Content warning for two next stories: sui ideation.

“Boothill Bait” by Tom J. Hopkins. Back in the saddle with another western, this time following Joe Fergus, a steely, stoic man with an actual character trait: he wants to die, but can’t seem to make it happen, not even in shootouts with bandits. When Fergus finds a town, nicknamed The Graveyard, where marshaling is a sure ticket to six feet under, he rushes to volunteer. That’s the only interesting wrinkle to this dud. Despite that setup, Fergus lights out for an even deadlier town down in Mexico the moment someone tells him about it, chasing another man who just wants to die. “Boothill” is trying so hard to be brooding and fatalistic, but it’s just silly. (And ultimately racist.) F

“The Devil’s Sink Hole” by Albert Richard Wetjen. I was premature when I said a suicidal hero was an interesting wrinkle, because we got another one: Stinger Seave, a former South Seas “trader” who has gone back to ruthless adventuring in his old age, after a bank collapse erases most of his colonialist wealth. Seave is frail, his mustache white, and he’s clean out of fucks to give.
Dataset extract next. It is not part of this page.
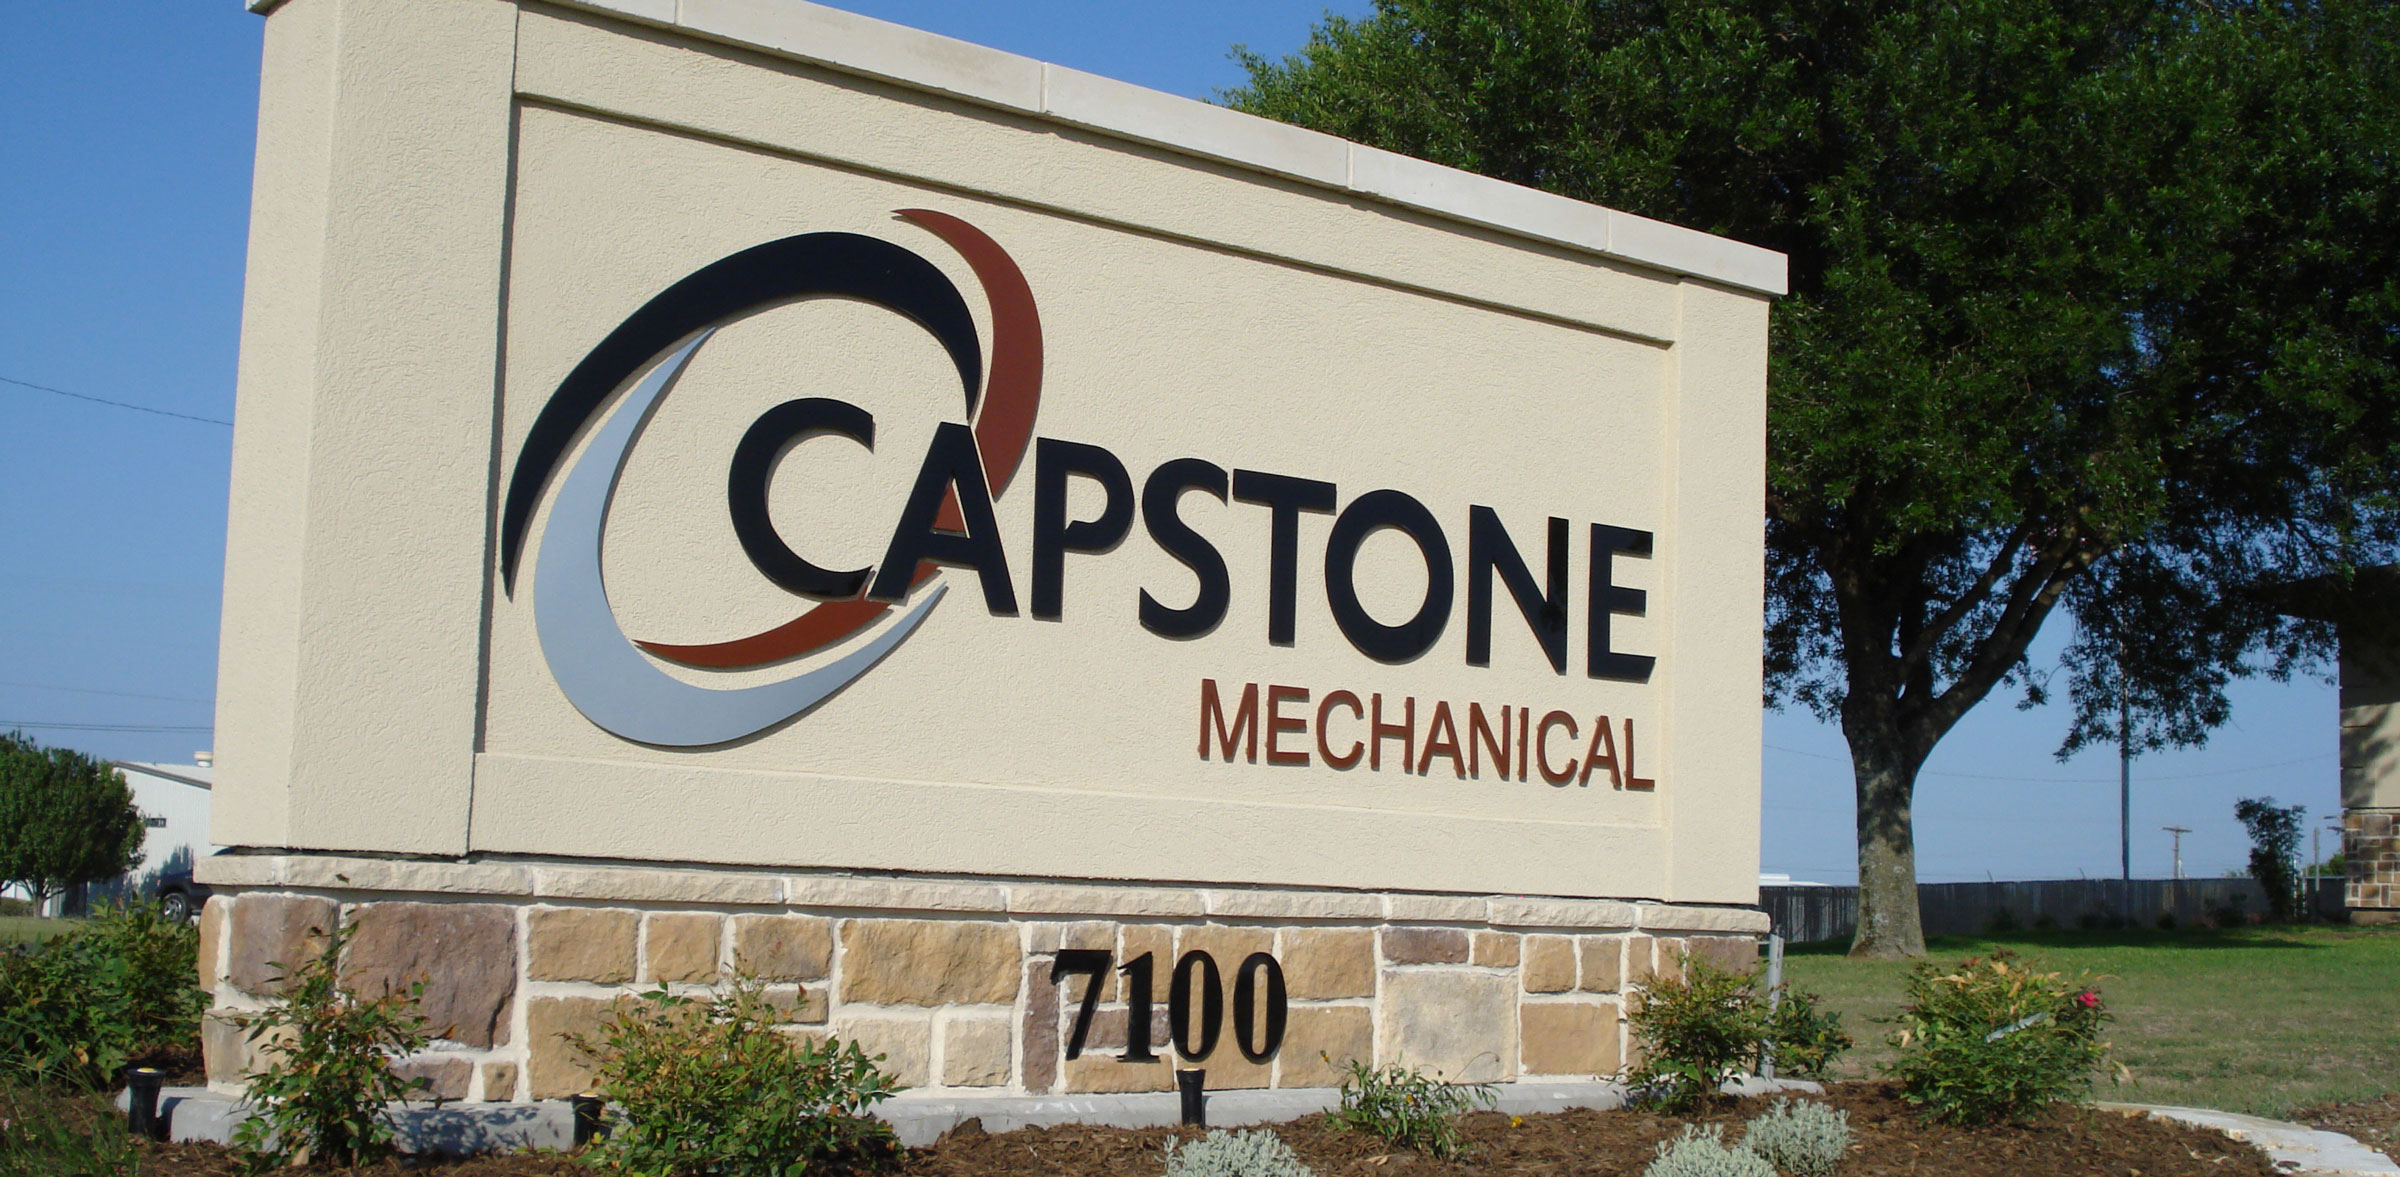 Capstone capstone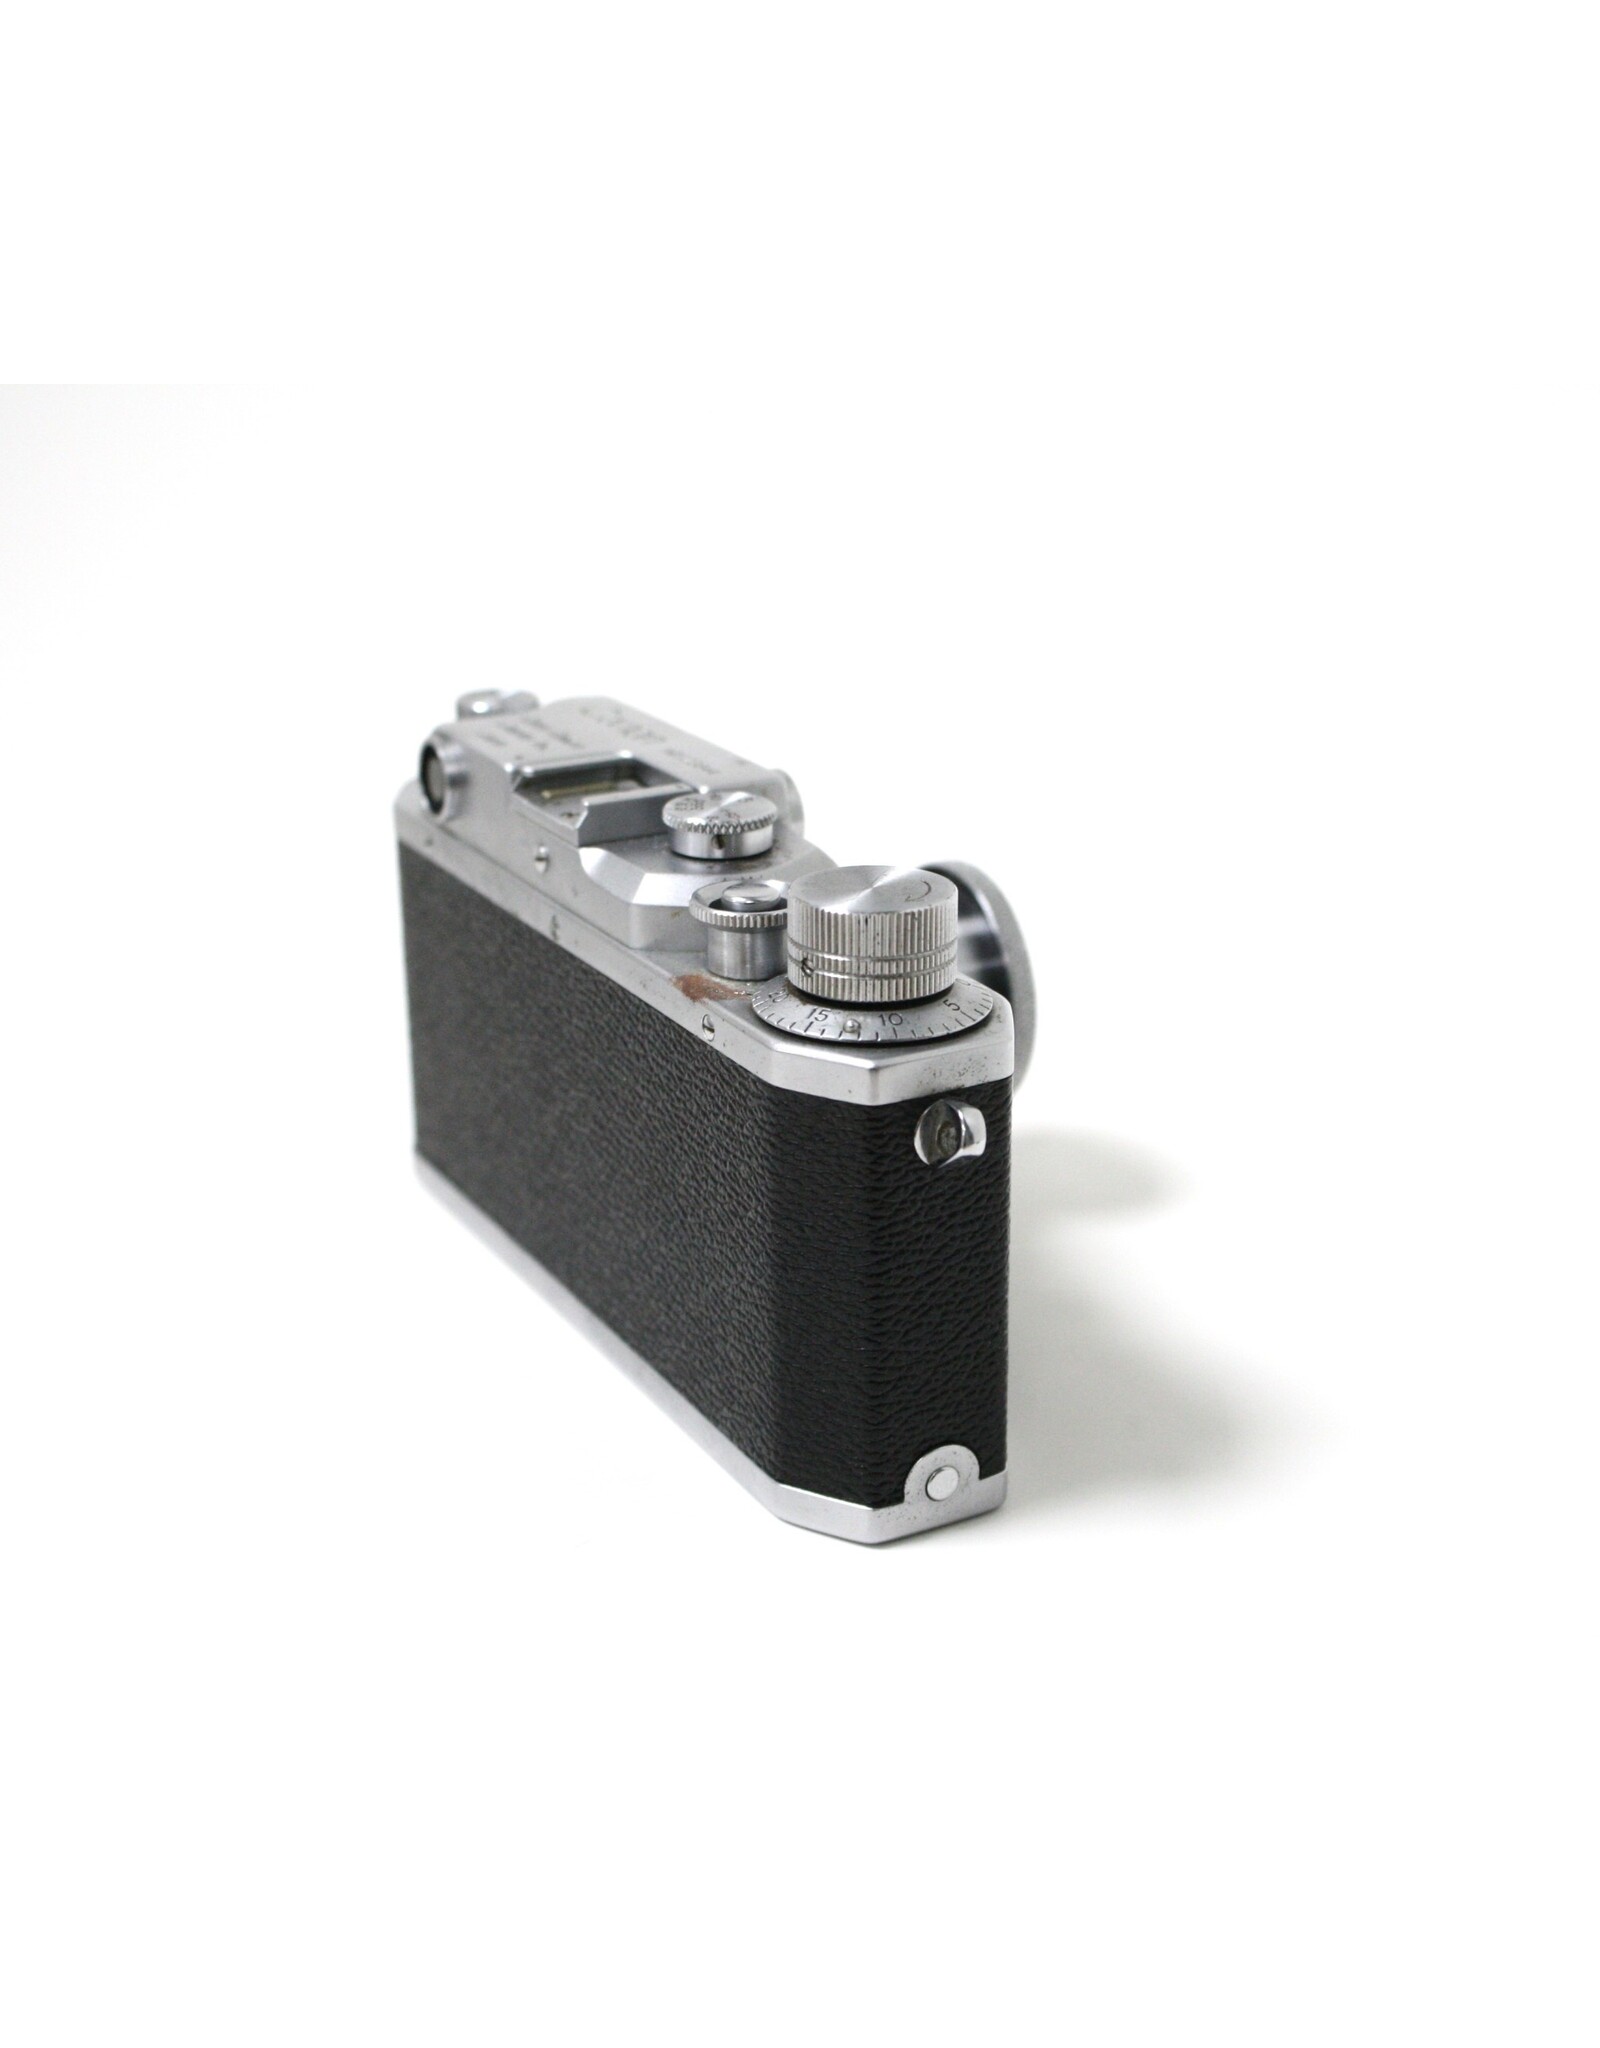 Canon Canon IV 35mm Rangefinder Film Camera with Tokyo Simlar lens 50mm 5cm F/3.5 LTM Leica Screw Mount

So the governor of colonial New Guinea offers to make him a magistrate on the frontier. Stinger could have been an interesting character, but this story is an exercise in colonialist bullshit. It’s just an especially vile western with palm trees. F

Clearly we peaked with the first two stories. We’ve long since  reached the point of diminishing returns.

“The Rider of Lost Range” by Bart Cassidy. Another western. Two bygone “pards,” Buck and Rooney, grew up and got ranches next to each other, but now they suspect each other of rustling their calves, because it’s manlier to stew in unfounded suspicion than to have an open and honest communication. You’d never guess, but a third man is behind it all, putting them against each another while he steals their cattle! (I sussed out the twist by page two.) The one redeeming feature of this tale is its depiction of high park and mountain scenery. There’s also a secret cave behind a thundering waterfall, leading to a grassy range open to the air, which is implausible but fun. Maybe F+

“Murder Sands” by John Starr. A tale of two men in the French Foreign Legion: a standup American sergeant, and a vicious bully of a Dutch lieutenant. The American noncom punches the Dutch officer, gets only light punishment due to past heroism, and now the Dutchman plots vengeance. Consistently uninteresting tale from the desert frontiers of colonialism. F

“Tejano!” by Harry F. Olmsted. All about some “loco” white dudes cow-punching in the Big Bend country. Murders and rustling and revenge get rattled off at breakneck pace, with all the standard racist western tropes. I almost wonder if this was some awkward attempt at a satire of pulpy westerns. No thanks, either way. F

“Fate Fans a .45” by Walt Coburn. Jack Badger, cowpoke turned investigator, traipses down to Mexico about a train robbery, following a hunch it was set up by someone on the inside. (Turns out Jack’s dad was killed in the robbery. It’s a vengeance story, because of course it is.) Insipid stuff, and excessively long, to boot. Didn’t expect much from this one, but what a flat way to end this issue. F


For a moment there at the start, I had thought this magazine might have been more than meets the eye — only a little, maybe 5%, but still, more interesting than it would seem. But no, they merely front-loaded it with the best stories, and even those two were marginal at best. The rest was pure pulp filler. Not surprising, just disappointing.